The Department of Health and Social Care says the NHS will move from a ‘cheapest-first’ to a ‘patient-first’ approach to purchasing medical technology, as it aims to cut waiting lists and save money in the long term.

The NHS currently spends around £10 billion per year on medtech, but has previously opted to buy tech based primarily on cost rather than effectiveness. This new approach will save billions of pounds by considering how well the pioneering equipment works for patients in the long term, supports patient and staff safety, and drives down future costs including warranty.

It forms part of the Government’s drive to ensure better productivity across the NHS, with new data showing productivity for acute trusts increased by 2.7% over the past year - between April 2024 and March 2025 - exceeding the government’s 2% year-on-year target set in the 10 Year Health Plan.

As well as through better use of technology, this has been achieved by more same-day discharges, shorter hospital stays, reduced reliance on agency staff, improved staff retention, and sending in crack teams of top clinicians to underperforming trusts to drive rapid improvements.

Fiona Bride, Interim Chief Commercial Officer and Director of Medicines Value and Access at NHS England, said: “Value-based procurement has already improved how we secure medicines, and now it’s being applied to the equipment patients rely on every day. This is about more than cost. It’s about working with suppliers to deliver technologies that bring real value - with better outcomes for patients, greater efficiency for the NHS and sustainable care for the future.”

Following early trials of the value-based procurement guidance and extensive engagement across the health system, including with industry and patient groups, 13 NHS trusts will pilot the new guidance, with rollout across the NHS expected by early 2026.

As well as supporting individual trusts to purchase medtech, the government is partnering with NHS Supply Chain and the NHS London Procurement Partnership to roll out value-based procurement across the country - including for purchasing technology and devices used in cardiology and vascular treatment and the use of AI in clinical settings. The NHS Supply Chain’s Cardiology and Vascular Framework alone is worth approximately £1 billion.

Andrew New, CEO of NHS Supply Chain, said: “Through value-based procurement we are able to ensure that procurement decisions are based on more than just product cost, with patient outcomes, sustainability and the total cost across the whole patient pathway key considerations. As the national provider of procurement services, NHS Supply Chain is committed to working with the Department of Health and Social Care (DHSC) and NHS trusts to apply this approach through our contracts, with the first to go live via three frameworks as part of this pilot which will help us to learn and refine our approach for the future.

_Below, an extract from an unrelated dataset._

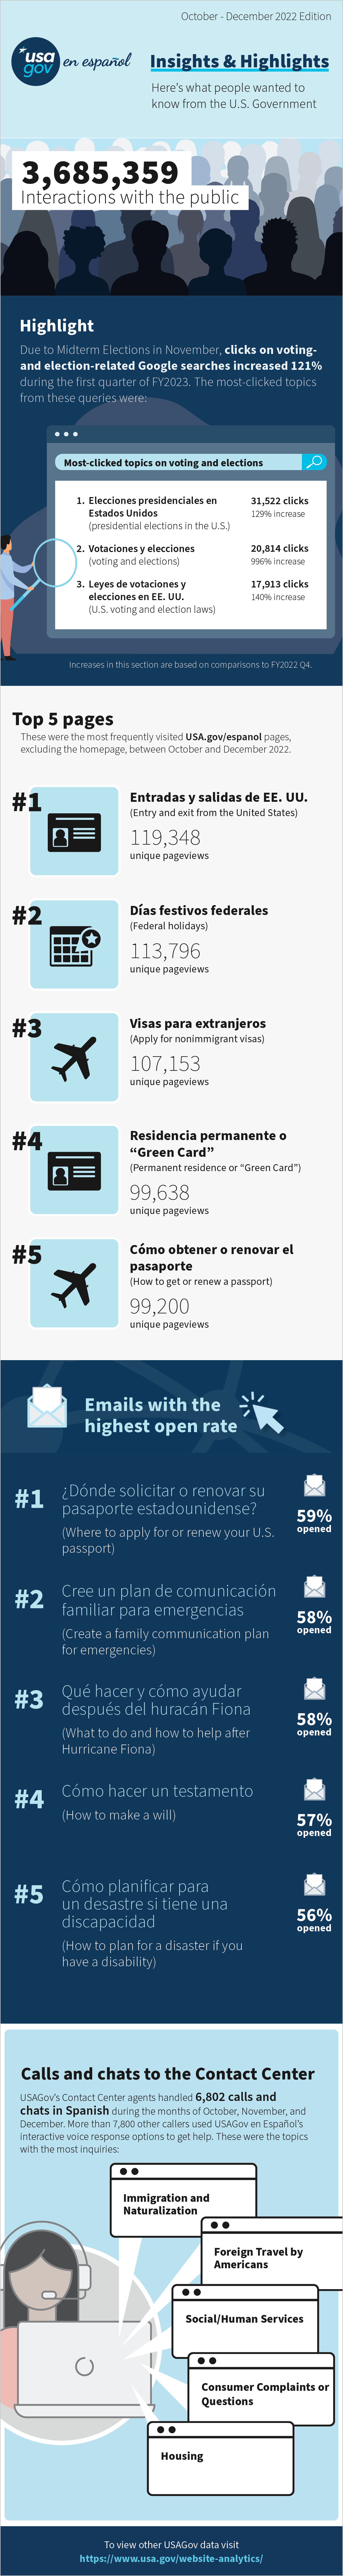 USAGov en Español's Insights and Highlights Infographic 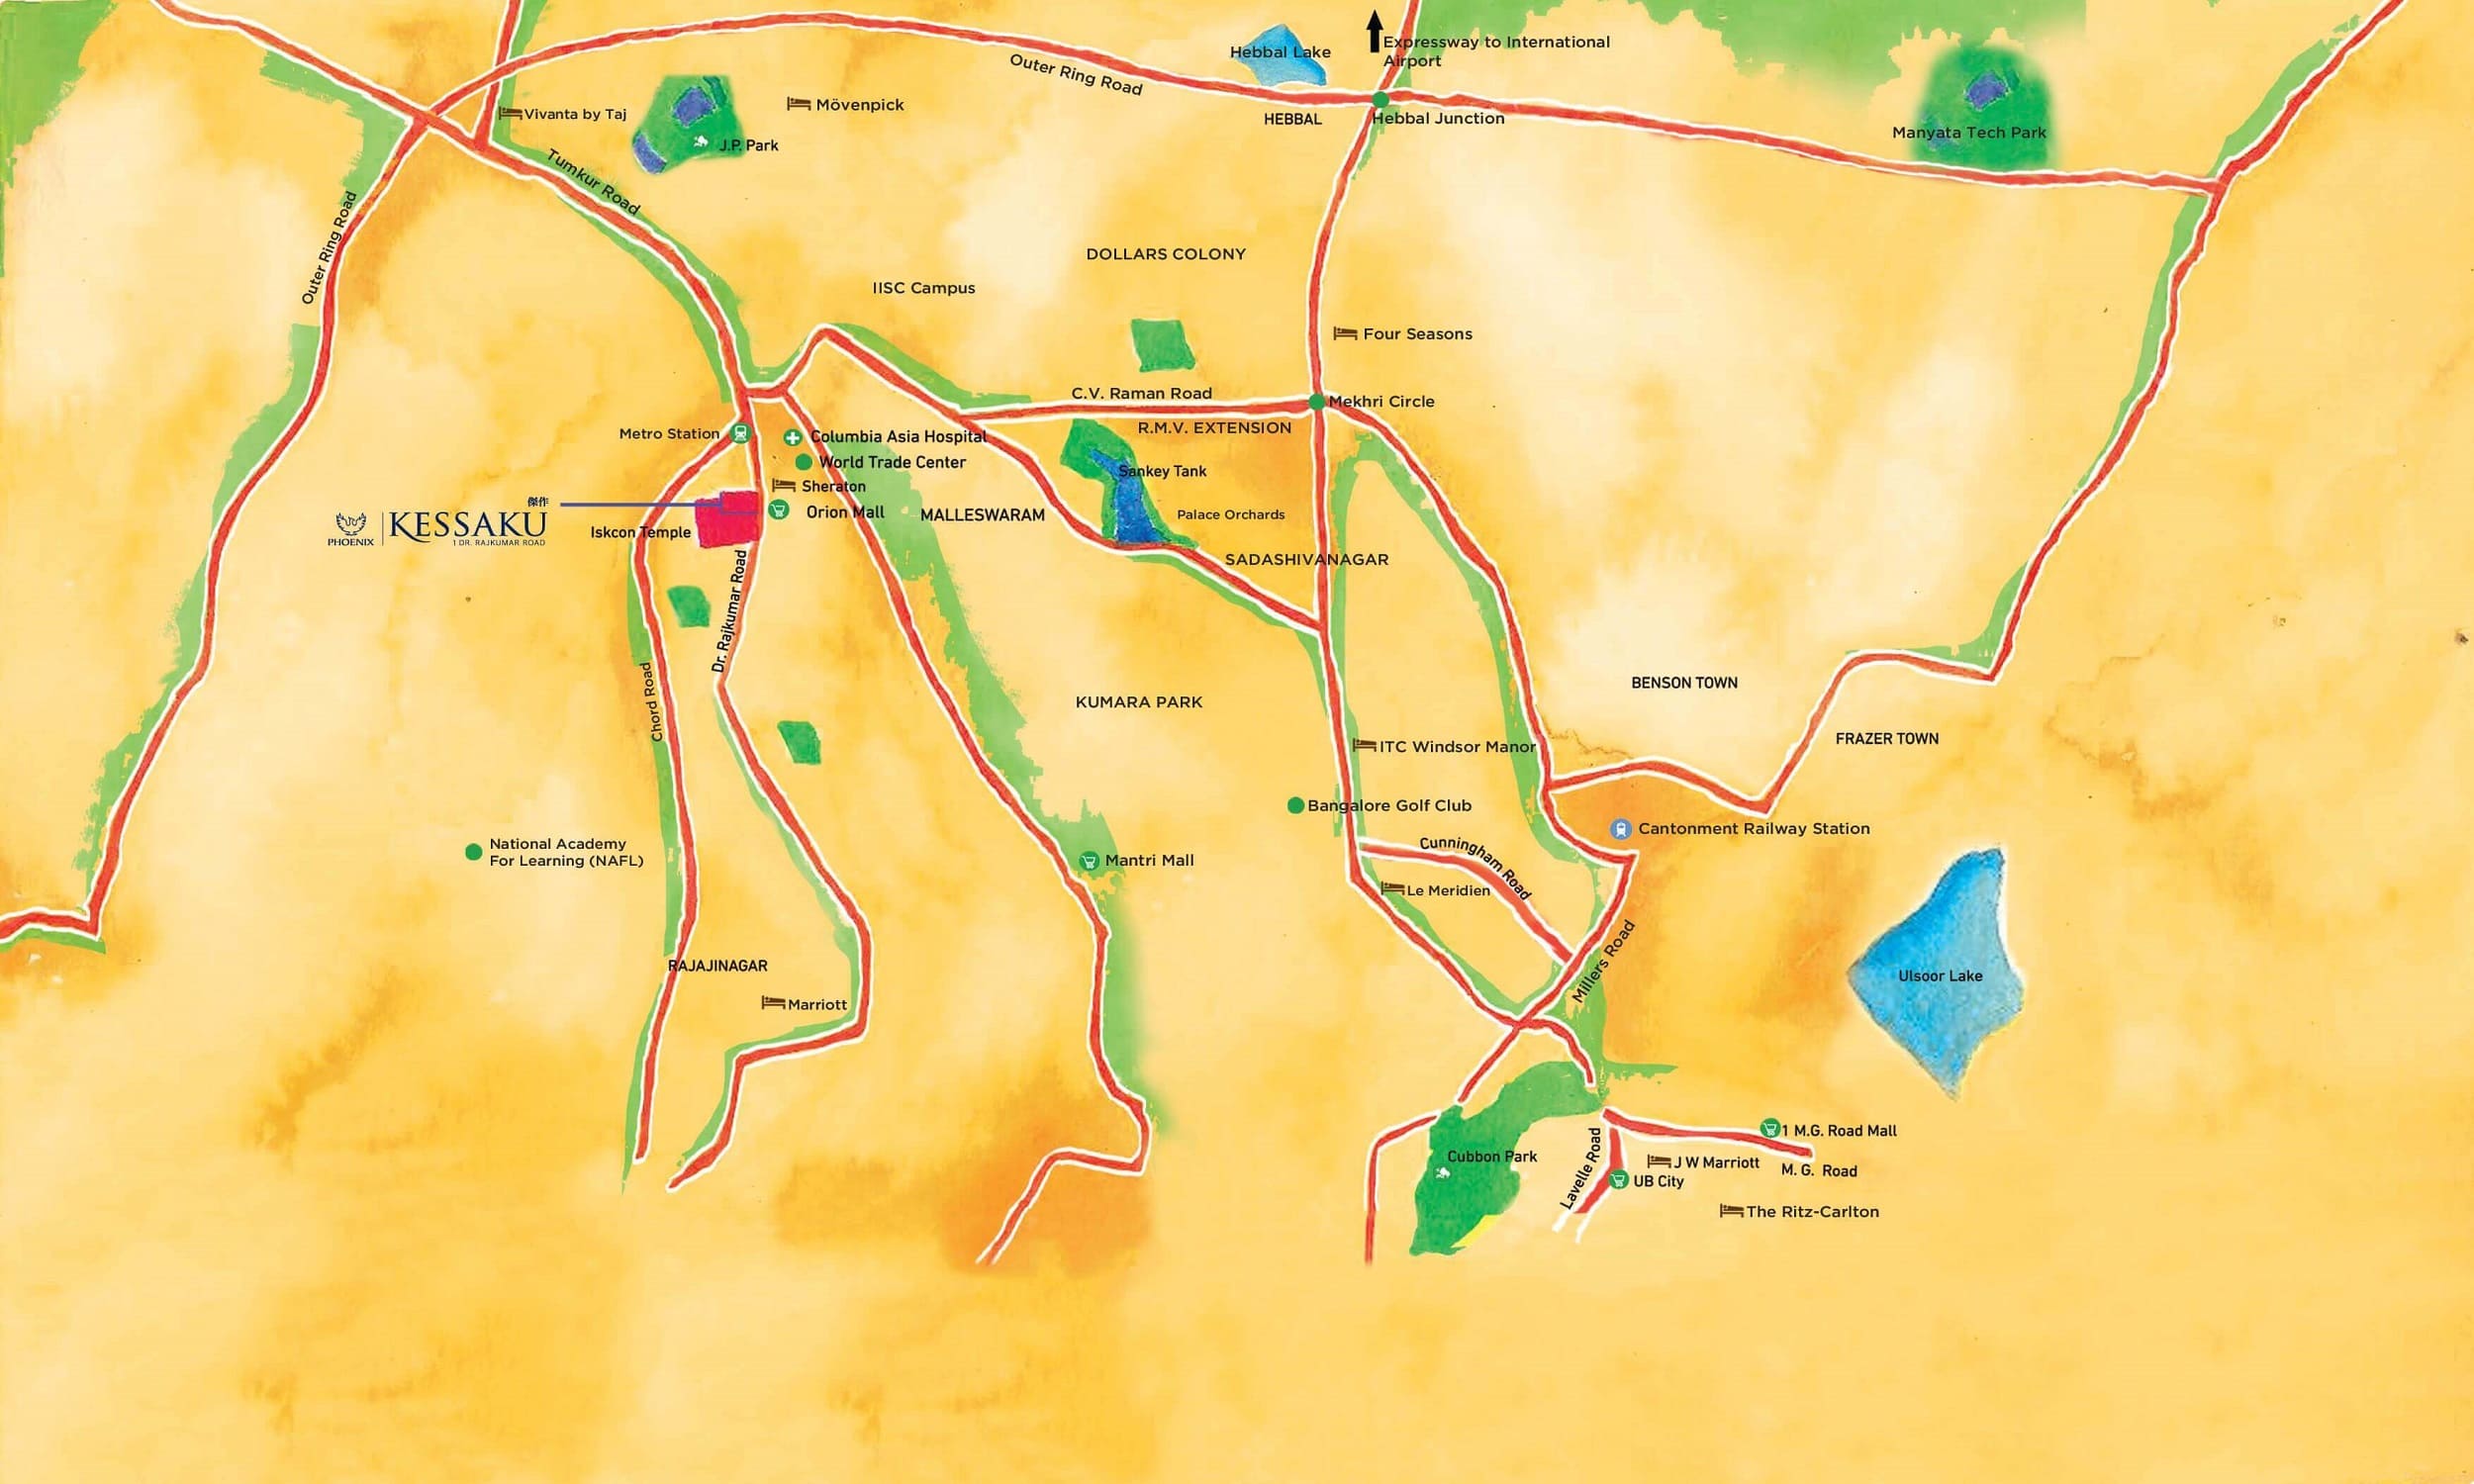 Phoenix Kessaku Rajajinagar Location Map

How NHS trusts purchase medical technology differs across the health service, with the absence of any standard guidance. This makes it difficult for medtech suppliers to do business with the NHS and drives suppliers away - blocking innovation from getting to the front line of patient care. This new guidance will make the NHS an attractive place for the world’s greatest minds to roll out groundbreaking new devices and technology to treat patients.